Richard P. Feynman, December 29, 1959
Mission
Our mission is to provide unwavering support to both our students and the broader community, fostering growth, development, and success.
BIO
Dr. Elsaidi was born in 1984 in Alexandria, Egypt, a 2,300-year-old city known for having housed the largest and most famous library in the ancient world. During high school, he participated in various student competitions and was awarded his school’s prestigious Student Honor Certificate in his final year. He went on to attend Alexandria University (AU)—a highly ranked institution that is the second largest in Egypt—where he was awarded the Undergraduate Distinction of Honor for four successive years and, in 2005, he earned a B.S. degree with distinction and honor, being ranked first among students in the chemistry department and fourth in the university overall.
Thanks to these achievements, he was hired as a tenure-track assistant professor in AU’s Chemistry Department the following year. (In the Egyptian system, an individual enters the tenure track before receiving the Ph.D.) In that position, Elsaidi honed his skills as an educator, as a result earning the top student evaluations not only in the department but in the university as a whole for four straight years. Then, in 2011, Elsaidi was offered a scholarship by the University of South Florida (USF) to pursue his Ph.D., where Elsaidi remained as a teaching and research assistant in the chemistry department until 2014. Dr. Sameh Elsaidi completed his doctorate in less than four years with a focus on the design and synthesis of metal-organic frameworks and their applications to the separation of gases.
Dr. Elsaidi's research has received various forms of recognition. Thus he was awarded a U.S. patent for a novel class of porous materials that have demonstrated a unique capacity to capture and separate CO2. Elsaidi has presented this and other research at several high-level conferences and has received a number of awards and fellowships. his teaching has also received recognition, in particular in the form of an award and certificate from USF for my work as a graduate mentor for the undergraduate research program.

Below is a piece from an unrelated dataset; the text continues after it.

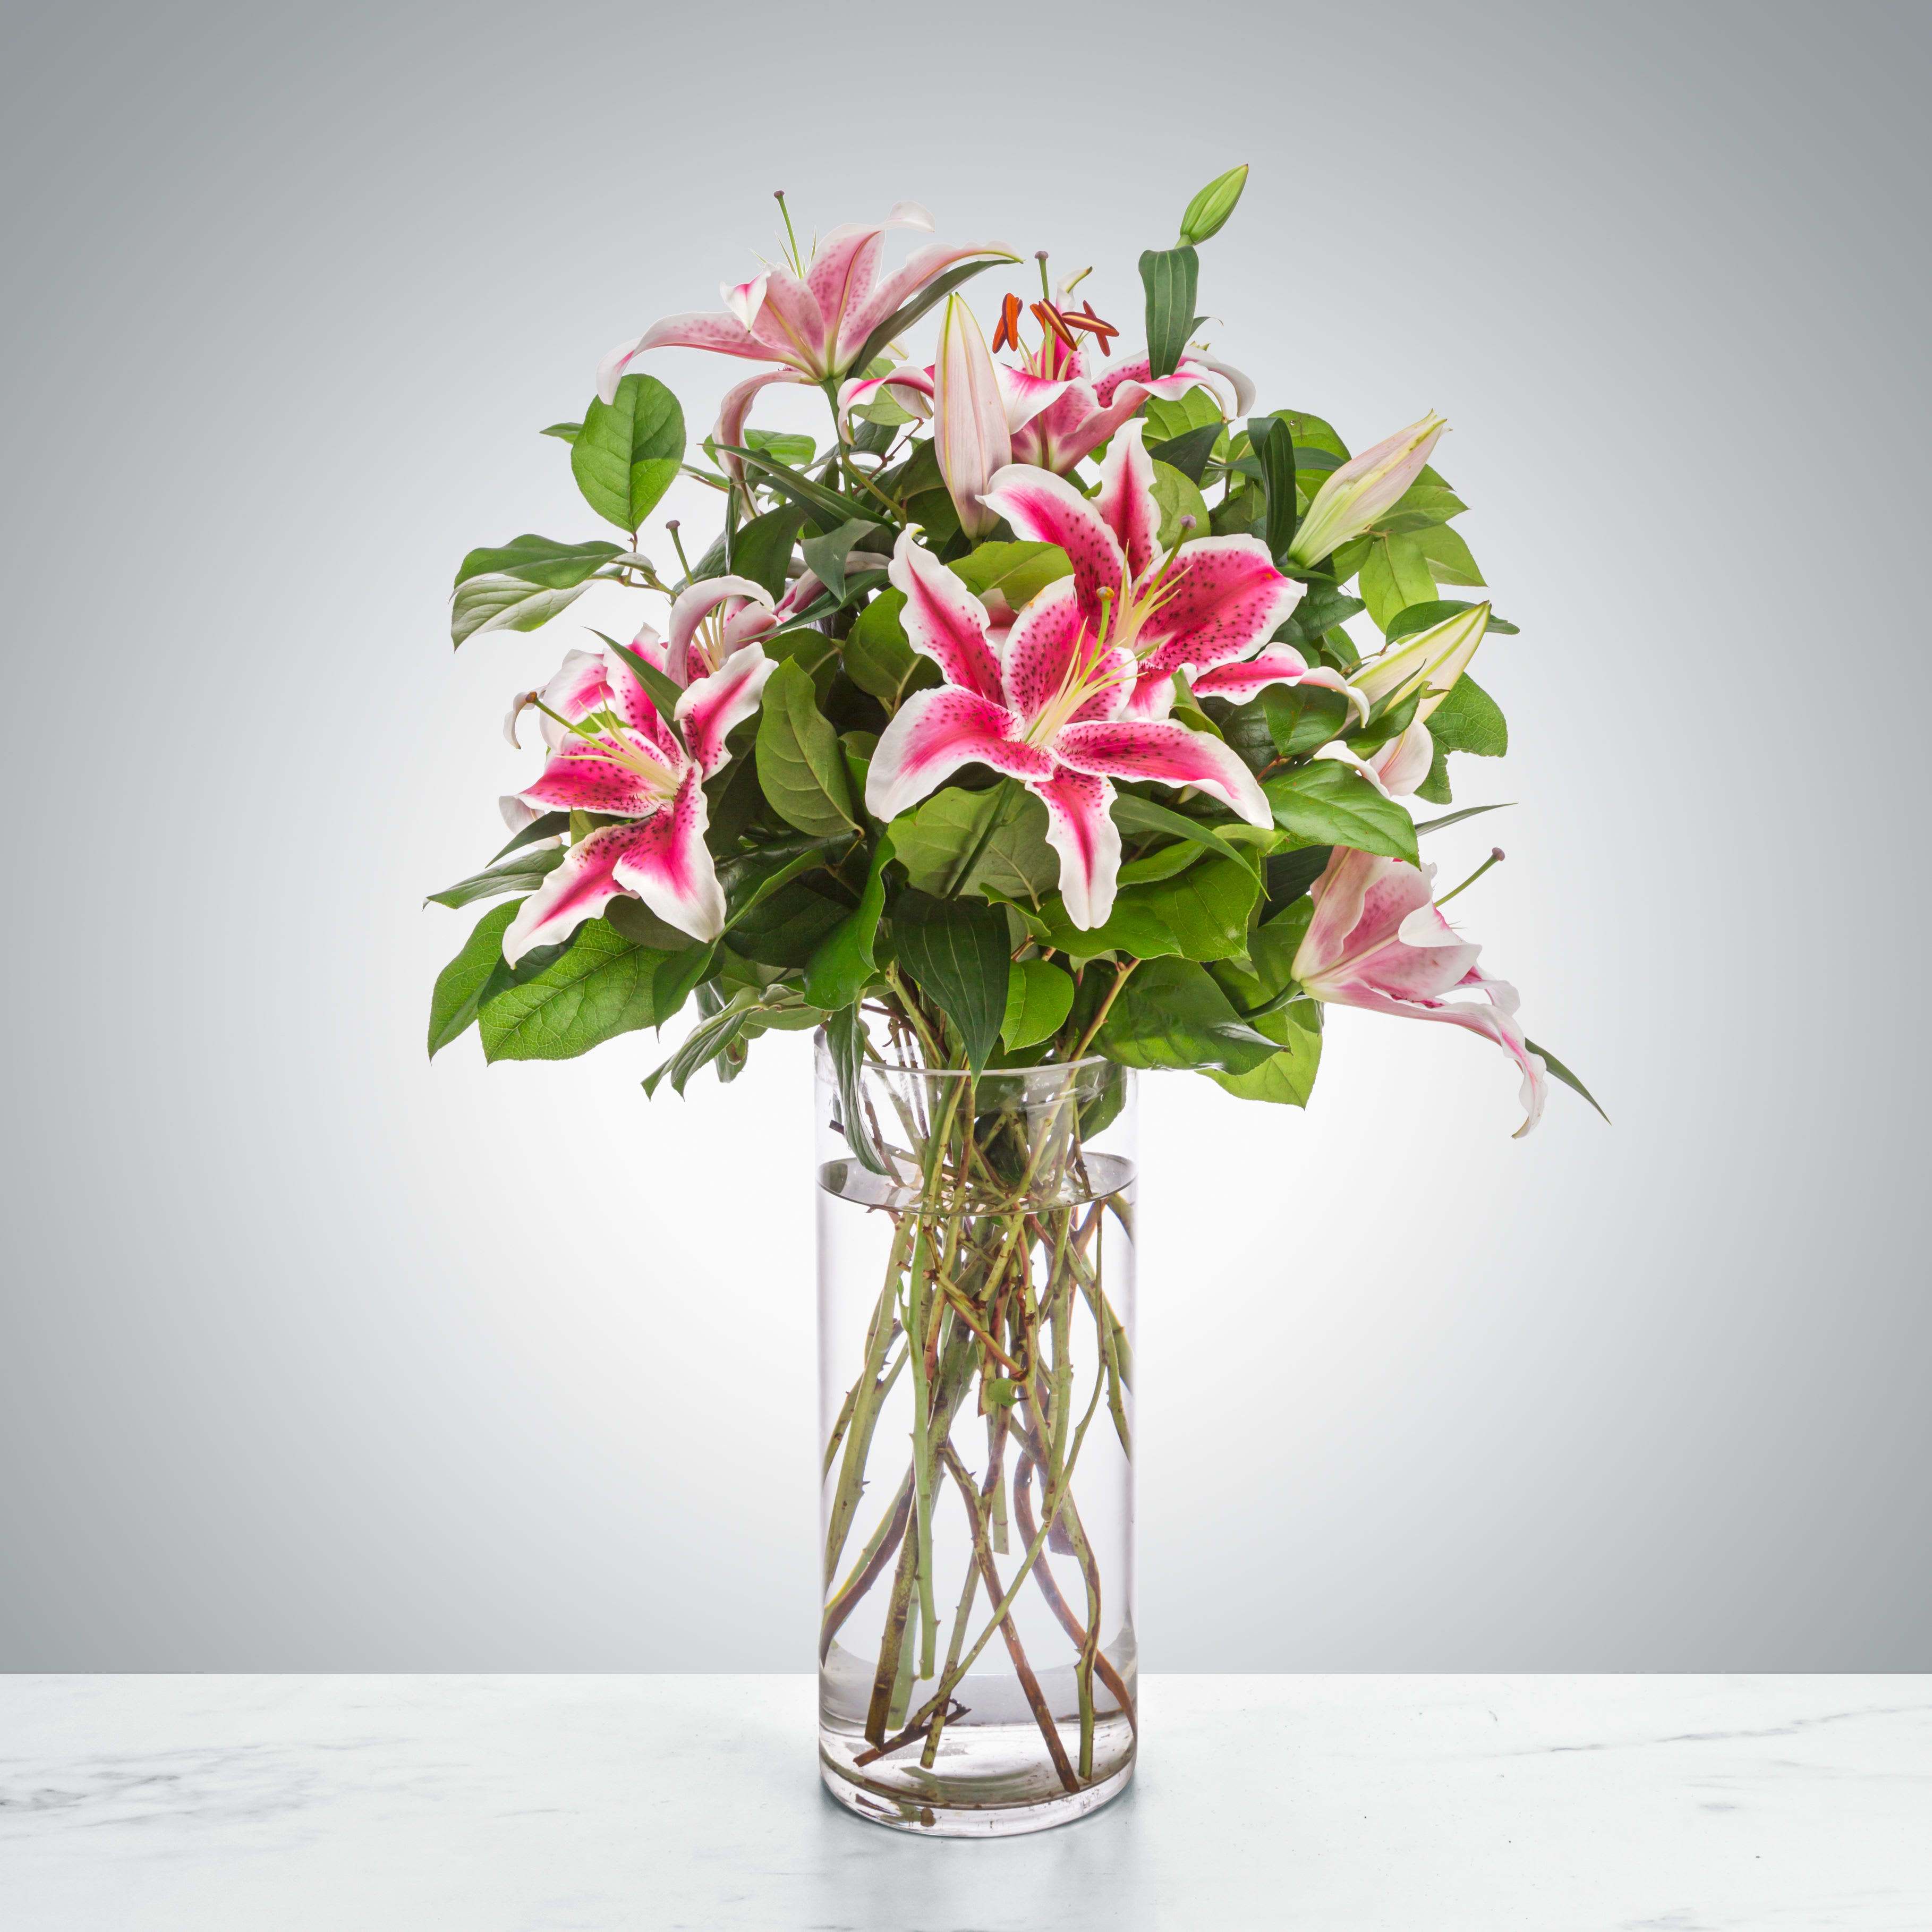 Splendent Stargazers  - Pink lilies stand for love, admiration, compassion, and femininity. Send this sweet-smelling lily arrangement for Mother's Day, Women's Day, or an Anniversary.  1st Image: Standard 2nd Image: Premium

Following graduation, in 2015, Elsaidi returned to his position at Alexandria University. His first initiative was to introduce two new undergraduate courses and one new masters-level course. Dr. Elsaidi then returned to the United States in order to lead a collaborative effort between the Pacific Northwest National Laboratory (PNNL) and AU, having been awarded two fellowships by the former institution to fund these joint projects, serving as a visiting assistant professor and research scholar from September 2014 to April 2015 and again from November 2015 to June 2017. As a result of this collaborative research, Elsaidi published 18 joint papers with researchers at the PNNL and AU as well as others at the University of California-Berkeley, the Colorado School of Mines, the University of Limerick, the University of Milan, the University of Singapore, King Abdullah University of Science and Technology, Argonne National Laboratory, the École Polytechnique Fédérale de Lausanne, and IMDEA Materials.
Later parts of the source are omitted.